There isn’t exactly a firm roadmap to starting a new car company, but thanks to the industry’s current electric revolution, we’re getting new opportunities to see just how much it all costs. After its newest $1.3 billion investment, Rivian has now raised over $3.5 billion with zero vehicles sold.
Rivian, the electric pickup and crossover startup based in Plymouth, Michigan, has seemingly gone from nothing to quite something in 2019 alone. Today, the company announced a new investment from T. Rowe Price, Amazon, Ford, BlackRock Inc., and others worth $1.3 billion.
According to Automotive News, this is Rivian’s fourth investment round this year alone, including two earlier this year bringing in $500 million from Ford and $700 million from Amazon, prior to this latest round of funding. Ford already has plans to use Rivian’s “skateboard” battery and motor platform for an upcoming Lincoln model, and Amazon already sealed a deal for electric delivery vans.

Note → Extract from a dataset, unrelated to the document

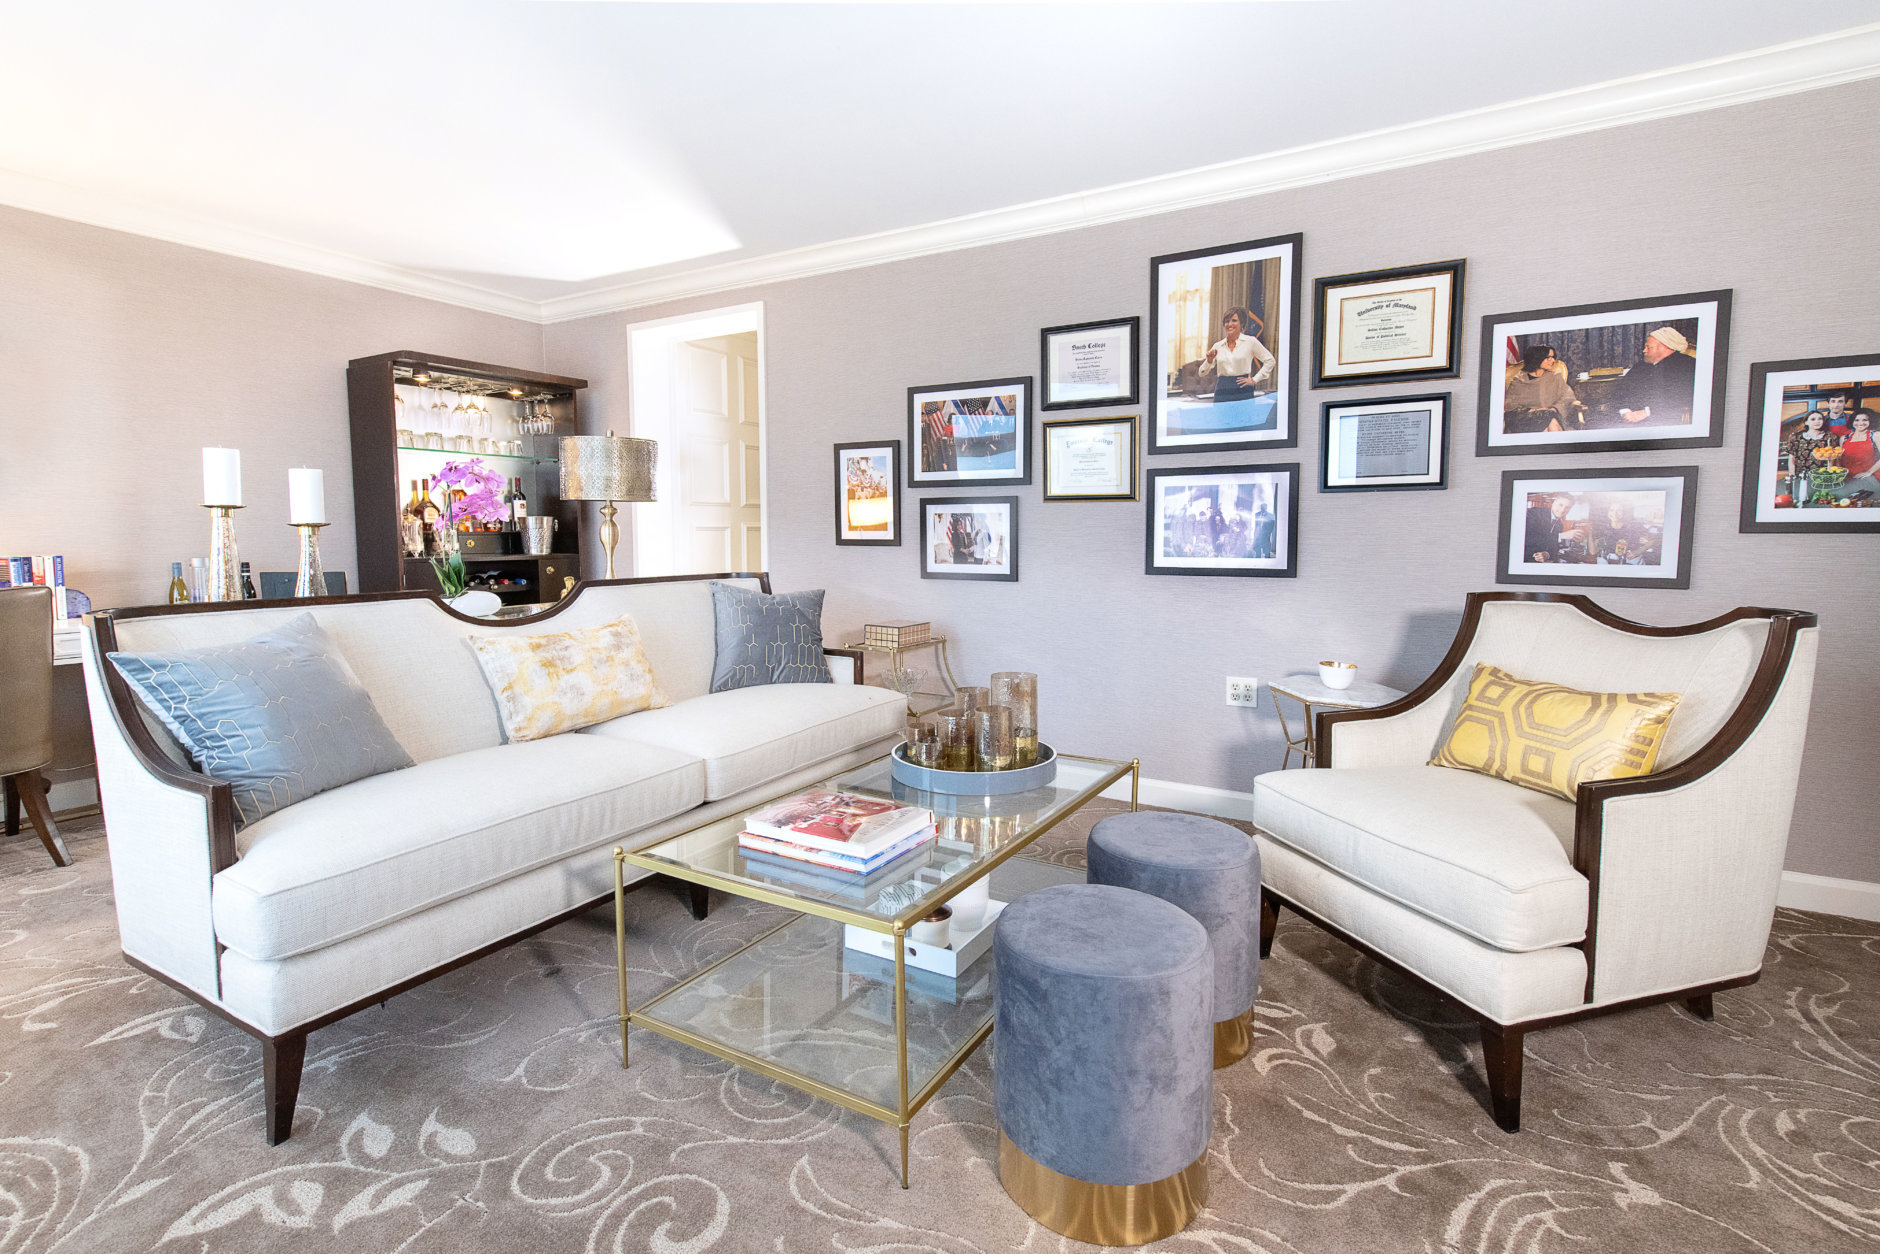 For uber-fans who want the ultimate "Veep" experience at the Hamilton, a one-bedroom suite on the 12th floor is now the Selina Meyer Presidential Suite, with set props and mementos from the fictional president’s brownstone home. (Courtesy Hamilton Hotel)

Here’s more from Auto News:
Prior to Monday’s announcement, Rivian had raised $2.2 billion from investors, according to investor website PitchBook, and was valued at an estimated $5 billion to $7 billion.
The company’s total valuation in the wake of the latest investment round was not immediately clear.
T. Rowe Price has placed other bets in the auto sector. It is a large Tesla shareholder and also has invested in GM’s majority-owned Cruise self-driving division. T. Rowe Price also invested, along with Amazon, in self-driving car software startup Aurora and British online food delivery company Deliveroo.
If you take the $2.2 billion invested this year before today and lump it together with the fresh $1.3 billion, that totals $3.5 billion so far. Keep in mind Rivian has only shown two concept cars—the R1T pickup truck and the R1S crossover—which Rivian plans to begin production of in late 2020.
The R1T was promised to start around $69,000 to buy before incentives, but it’s unclear if that’s for one of the 135 kWh and 180 kWh battery pack models planned for production next year, or if that would be the upcoming standard model, which will go into production later.